The protostars in Orion: Characterizing the properties of their magnetized envelopes

TL;DR

This study links the physical and magnetic properties of protostellar envelopes in Orion, revealing how magnetic field morphology influences envelope fragmentation, disk size, and magnetic braking efficiency.

Contribution

It provides new insights into how envelope magnetic field morphology correlates with protostellar properties and fragmentation, using high-resolution polarization observations.

Findings

Hourglass magnetic fields associate with larger envelope mass and lower velocity dispersion.

Magnetic field morphology influences disk size and magnetic braking efficiency.
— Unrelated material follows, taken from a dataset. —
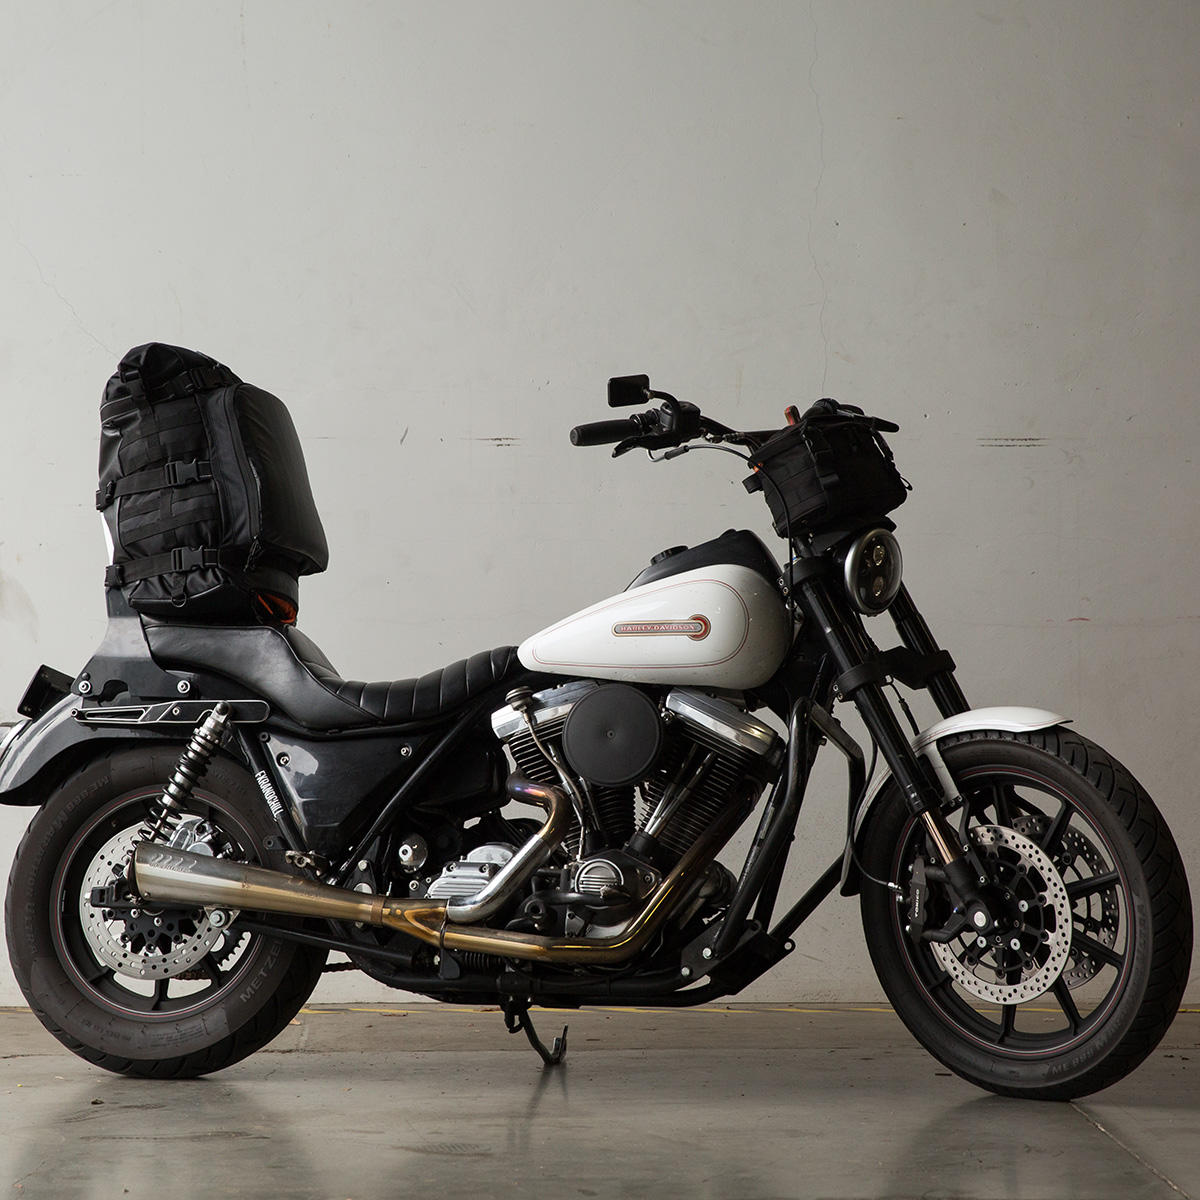 BILTWELL EXFIL-80 G1 Motorcycle Bag - Black

Magnetic field misalignment reduces magnetic braking, allowing larger disks to form.

Abstract

We present a study connecting the physical properties of protostellar envelopes to the morphology of the envelope-scale magnetic field. We used the ALMA polarization observations of 61 young prtostars at 0.87 mm on $\sim400-3000$ au scales from the {\em B}-field Orion Protostellar Survey to infer the envelope-scale magnetic field, and used the dust emission to measure the envelope properties on comparable scales. We find that protostars showing standard-hourglass-field morphology tend to have larger masses and lower velocity dispersions in their envelopes, whereas systems with spiral-field morphologies have higher velocity dispersion. Combining with the disk properties taken from the Orion VLA/ALMA Nascent Disk and Multiplicity survey, we connect envelope properties to fragmentation. Our results show that the fragmentation level is positively correlated with the angle dispersion of the magnetic field, suggesting that the envelope fragmentation tends to be suppressed by the magnetic field. We also find that protostars exhibiting standard hourglass magnetic field structure tend to have a smaller disk and smaller angle dispersion of the magnetic field than other field configurations, specially the rotated hourglass, but also the spiral and others, suggesting a more effective magnetic braking in the standard hourglass morphology of magnetic fields. Nevertheless, significant misalignment between the magnetic field and outflow axes tends to reduce magnetic braking, leading to the formation of larger disks.